Dot Complicated: Untangling Our Wired Lives (18 page)

I paused for a moment, thinking back to the two vastly different experiences.

“At the Democratic National Convention we were like rock stars. Everyone wanted to meet with us,” I said. “At the Republican National Convention I sat in my hotel room by myself for three days. No one would meet with us. I was begging people to meet with us.”

A blogger recorded that statement and uploaded it to the Internet. A few days later—in the comments section on YouTube—Matt Burns, the RNC’s communications director responded. “With all due respect, Randi Zuckerberg is totally full of sh*t on this one,” he said, before accusing me of liberal bias.

None of this might have been a big deal had it not been picked up by blogs, one of which ran the headline “Randi Zuckerberg is Totally Full of Shit.” I won’t list the comments that appeared in these stories, but suffice it to say, they focused on my weight, appearance, and all sorts of alleged personal and character defects. After I saw this outburst of aggression and viciousness, I was so upset that I cried for a while in front of my computer. I wondered how I could show my face at work the next day, or whether I would even have a job to go back to.

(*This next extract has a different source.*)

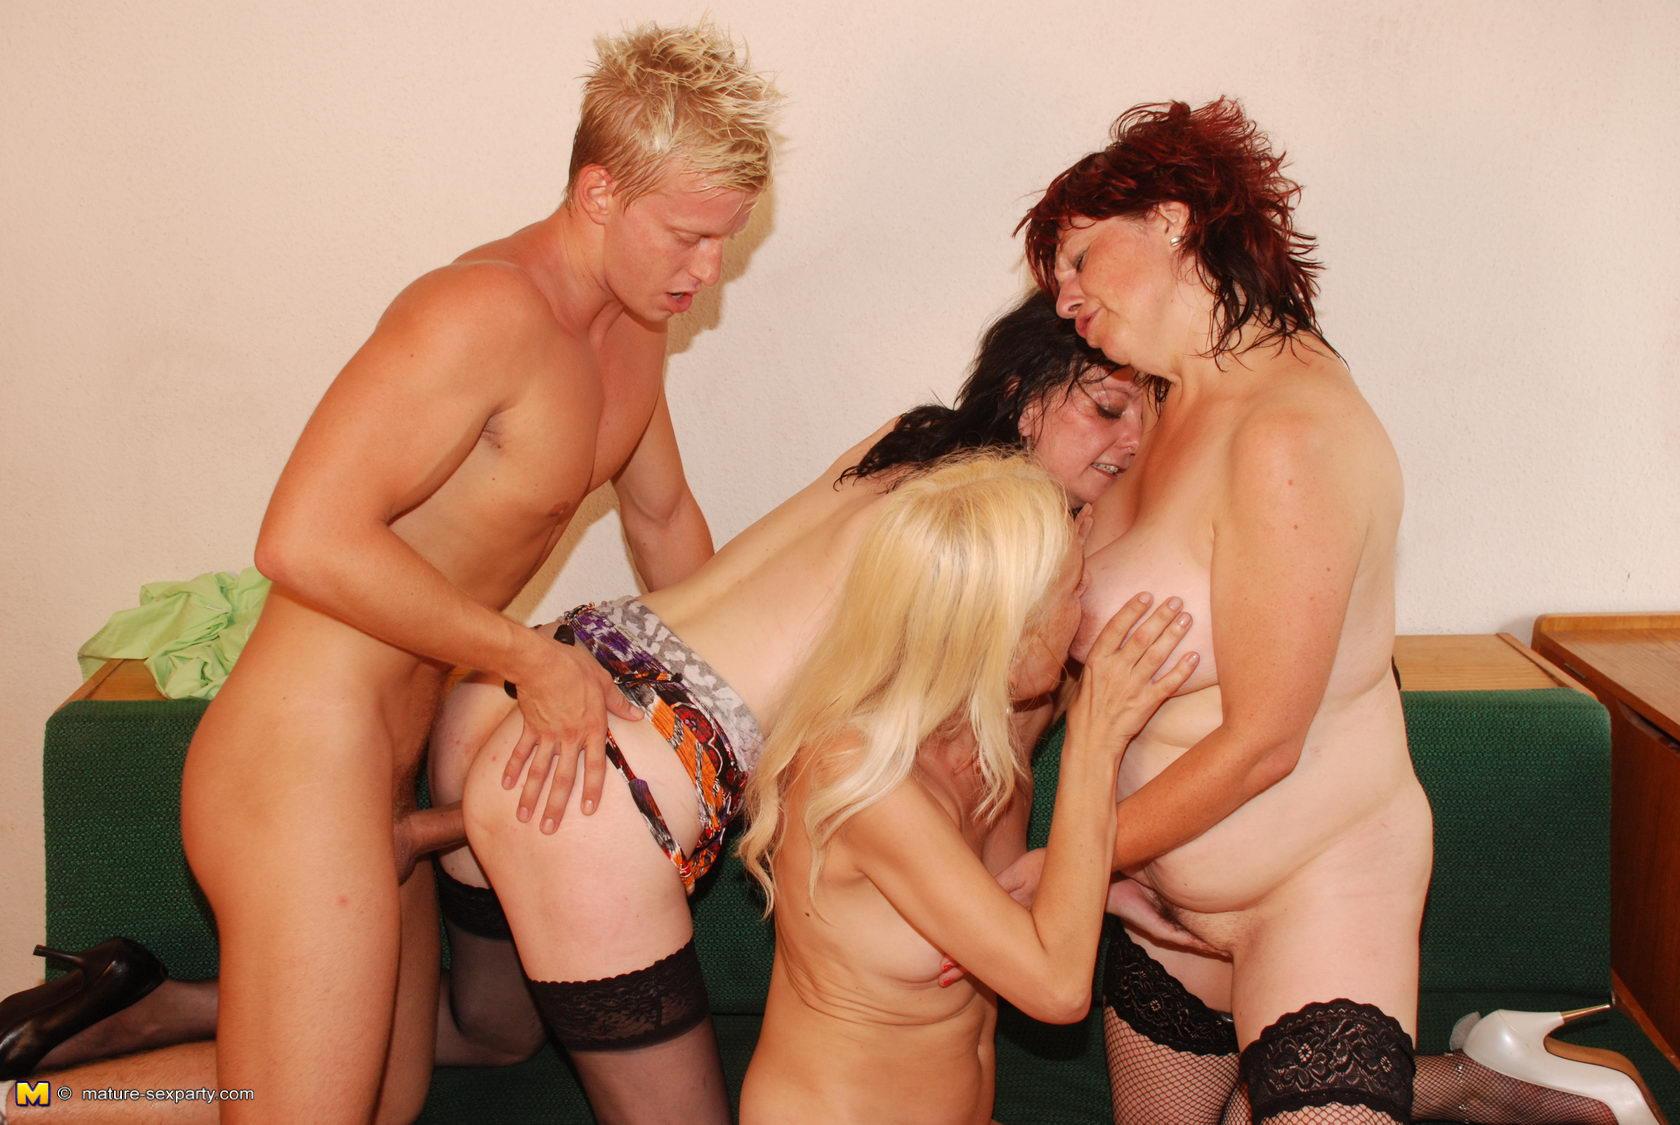 Посмотрим секс молодых ребят с пожилыми и очень пожилыми дамами 4 фотография
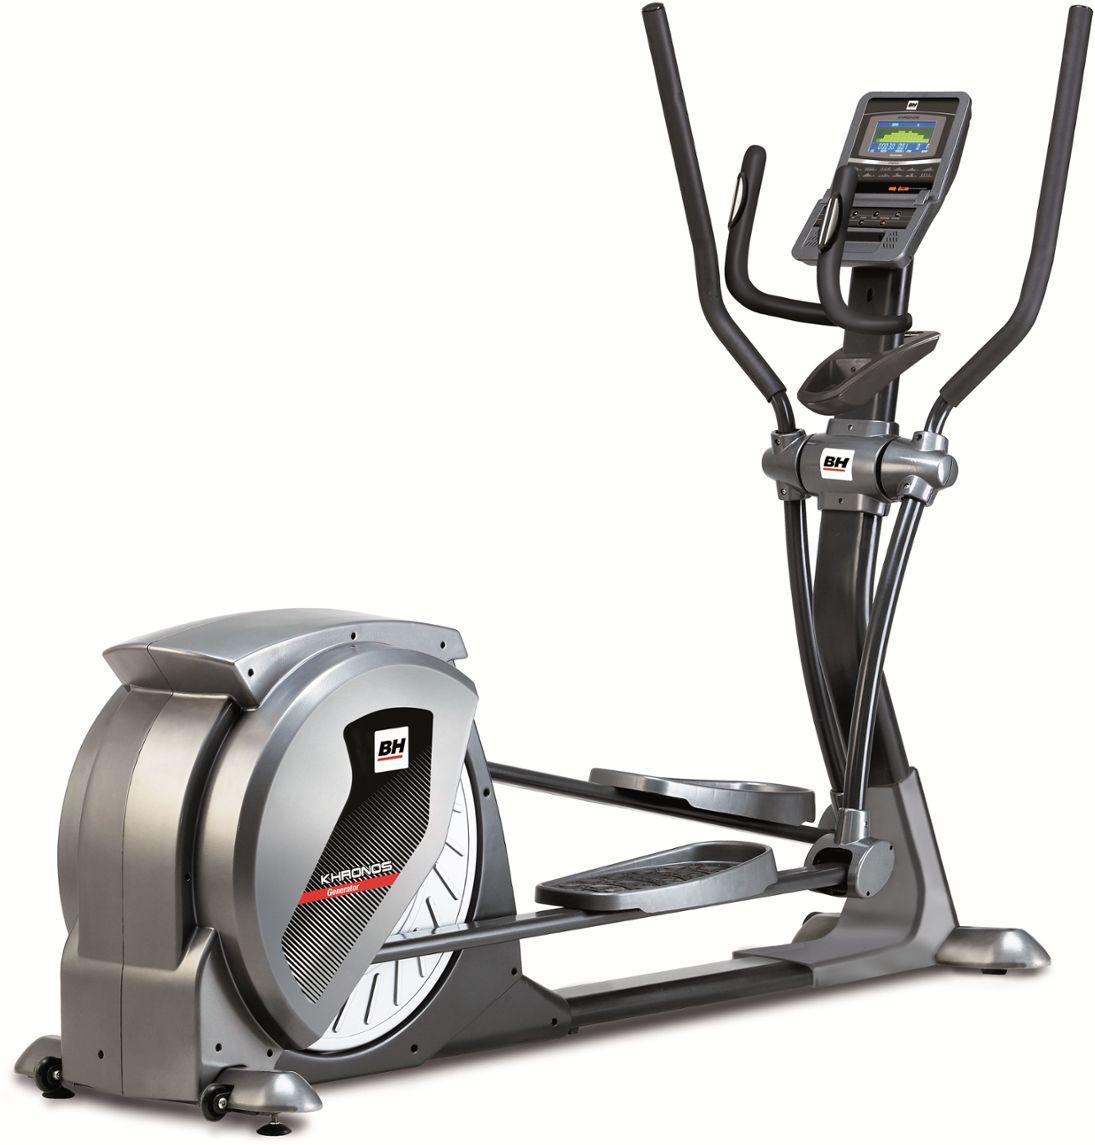 Orbitrek Elektromagnetyczny Khronos Generator G260 BH Fitness

In the end, the ruckus received only a passing mention at work. The storm passed, and I didn’t get fired. Most people were actually very supportive, and I learned some important lessons from that moment.

For starters, the Internet may be the world’s new watercooler, but it’s also the world’s most efficient, perpetual outrage machine. It’s entirely possible that something you do or say, even if trivial or completely innocuous, can set that machine off.

The
New York Times
motto is “All the news that’s fit to print.” If the Internet had a motto, it might be “F*** it. Write whatever you want.” Anything that might generate clicks is fair game to be posted, whether or not it’s truthful or accurate. Personal insults traded between people online are quality “click bait,” moments of outrage built up by writers and bloggers purely as a way of generating more article views. This is a model of “journalism” that has evolved over the last few years as part of the monetization strategy of all the usual tabloid suspects.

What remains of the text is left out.